- Dataset content:
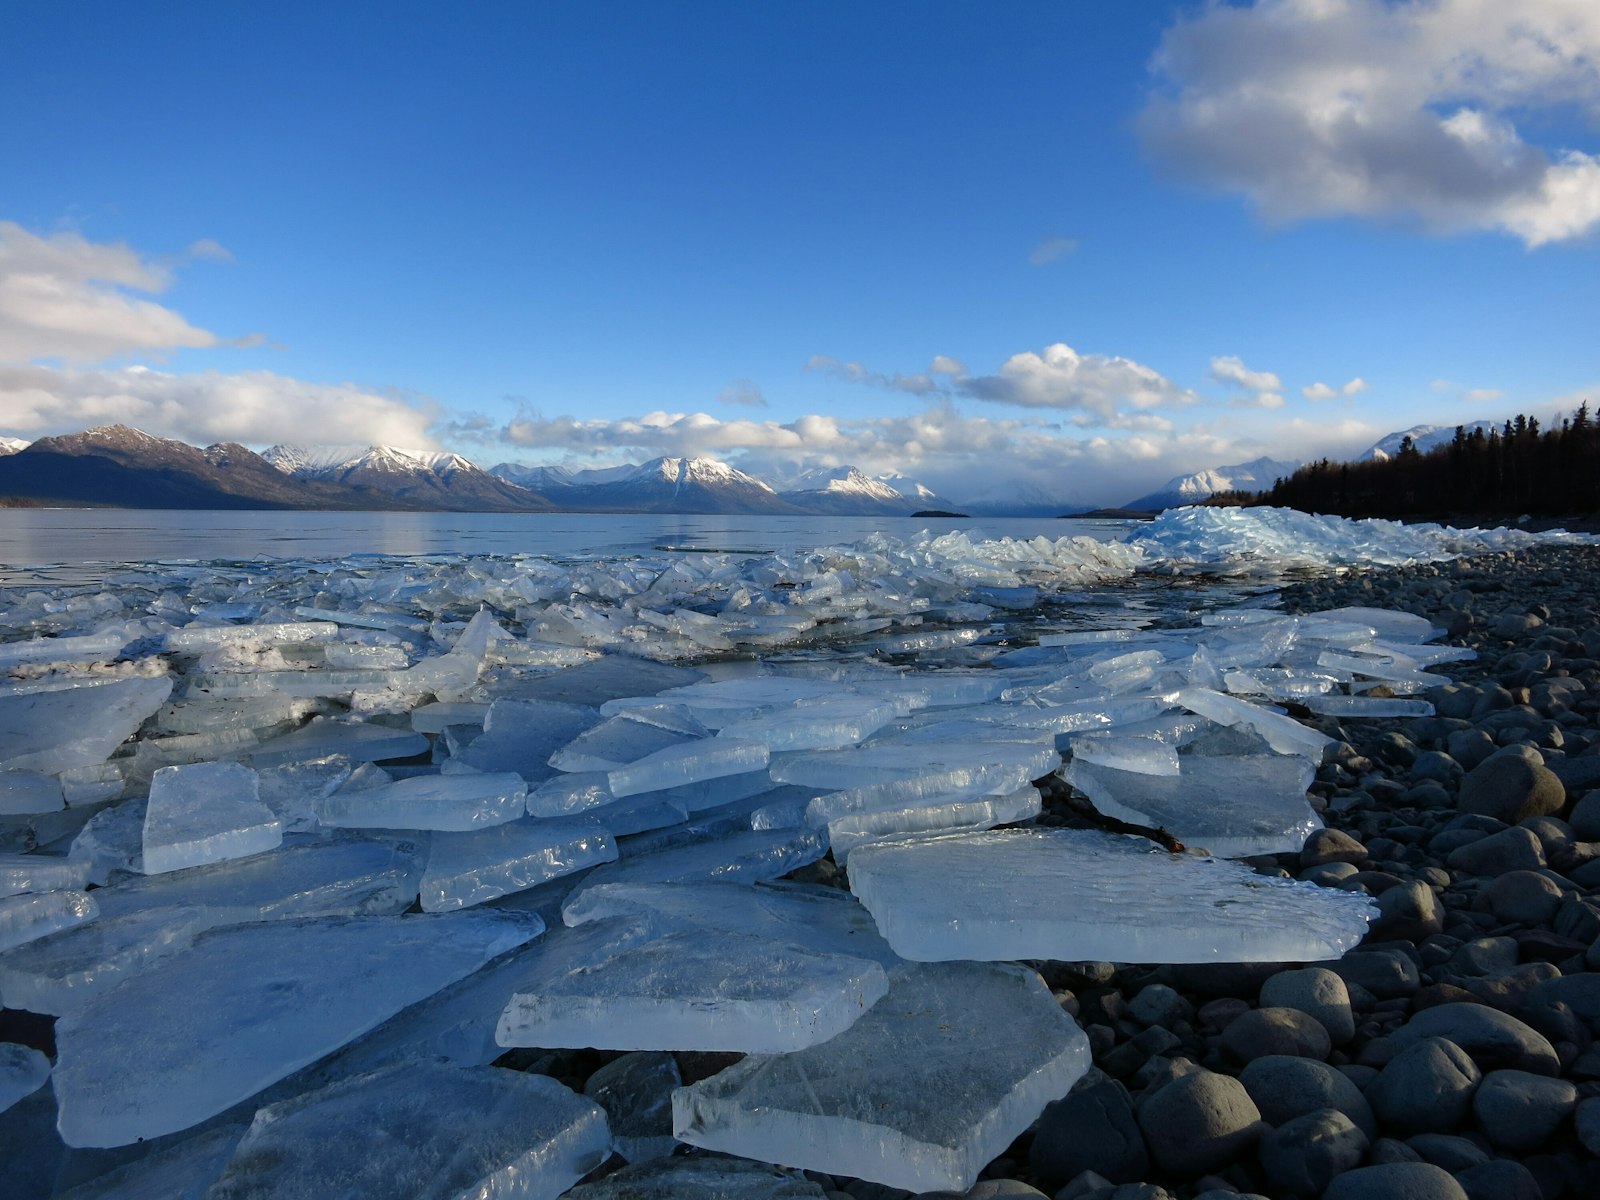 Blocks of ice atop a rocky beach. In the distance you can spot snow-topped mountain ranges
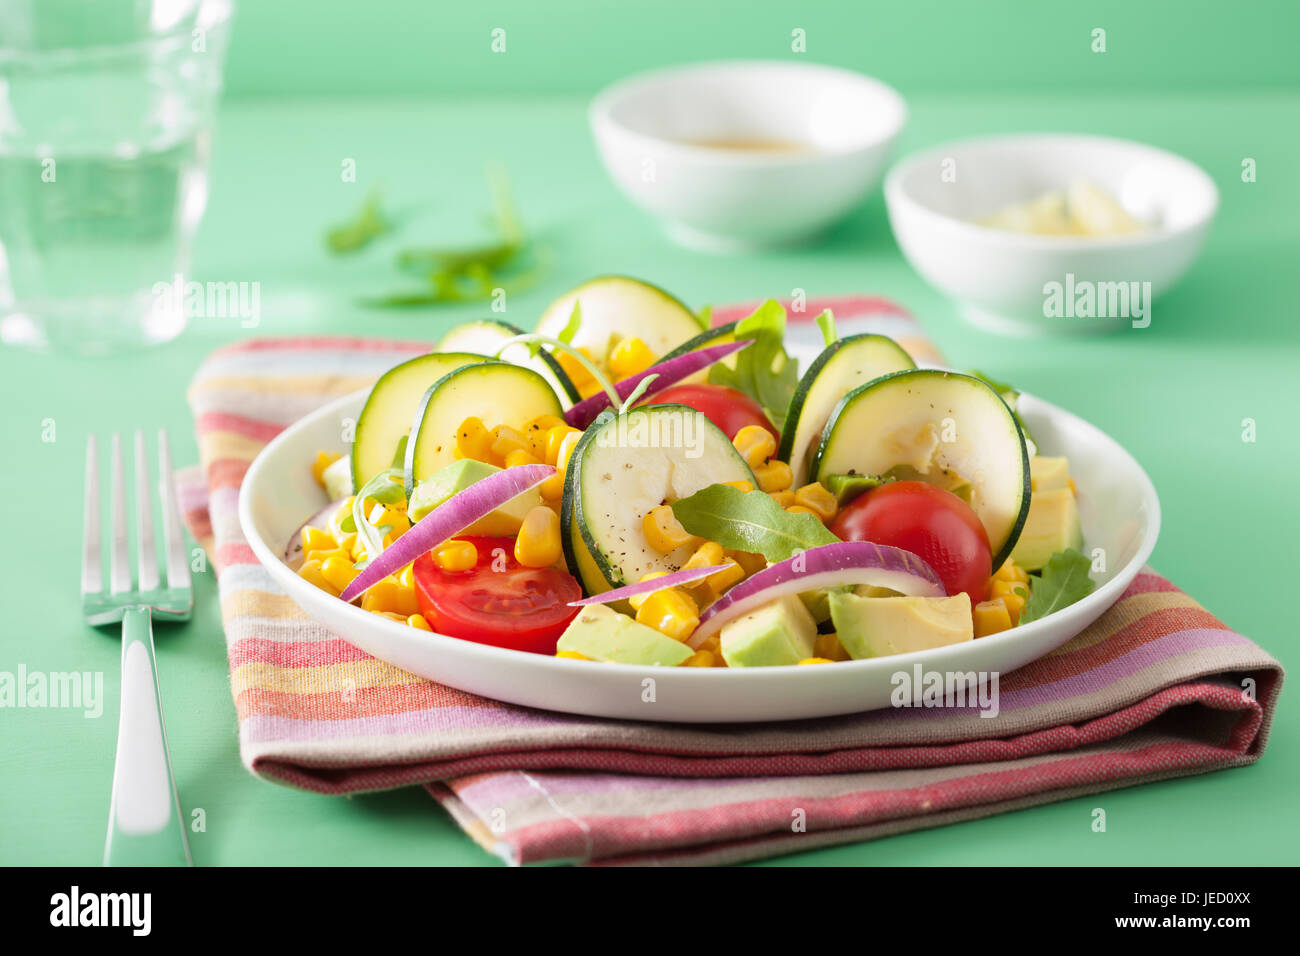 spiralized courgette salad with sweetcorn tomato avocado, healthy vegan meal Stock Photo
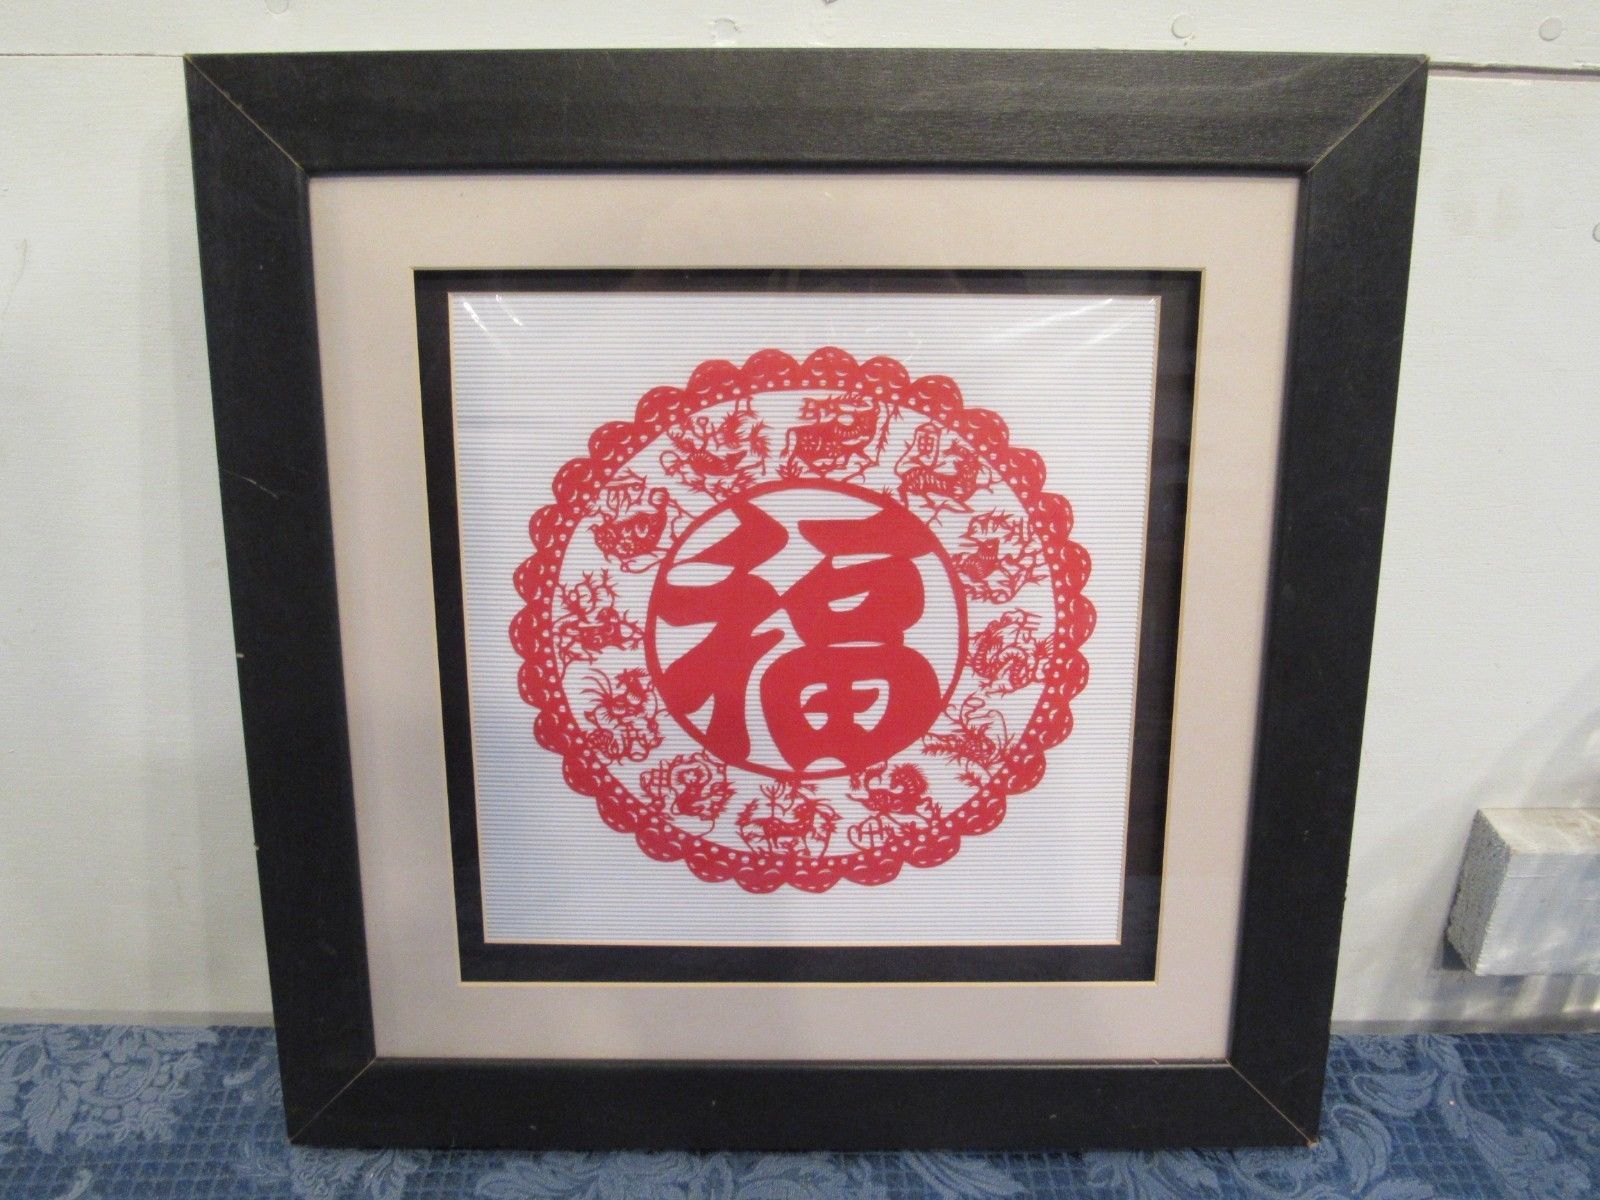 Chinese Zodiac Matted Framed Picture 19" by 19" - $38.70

- Task instructions: Please copy the data above exactly; the pictures do not belong in the copy.

- Result of the exercise:
 Blocks of ice atop a rocky beach. In the distance you can spot snow-topped mountain ranges
 spiralized courgette salad with sweetcorn tomato avocado, healthy vegan meal Stock Photo
 Chinese Zodiac Matted Framed Picture 19" by 19" - $38.70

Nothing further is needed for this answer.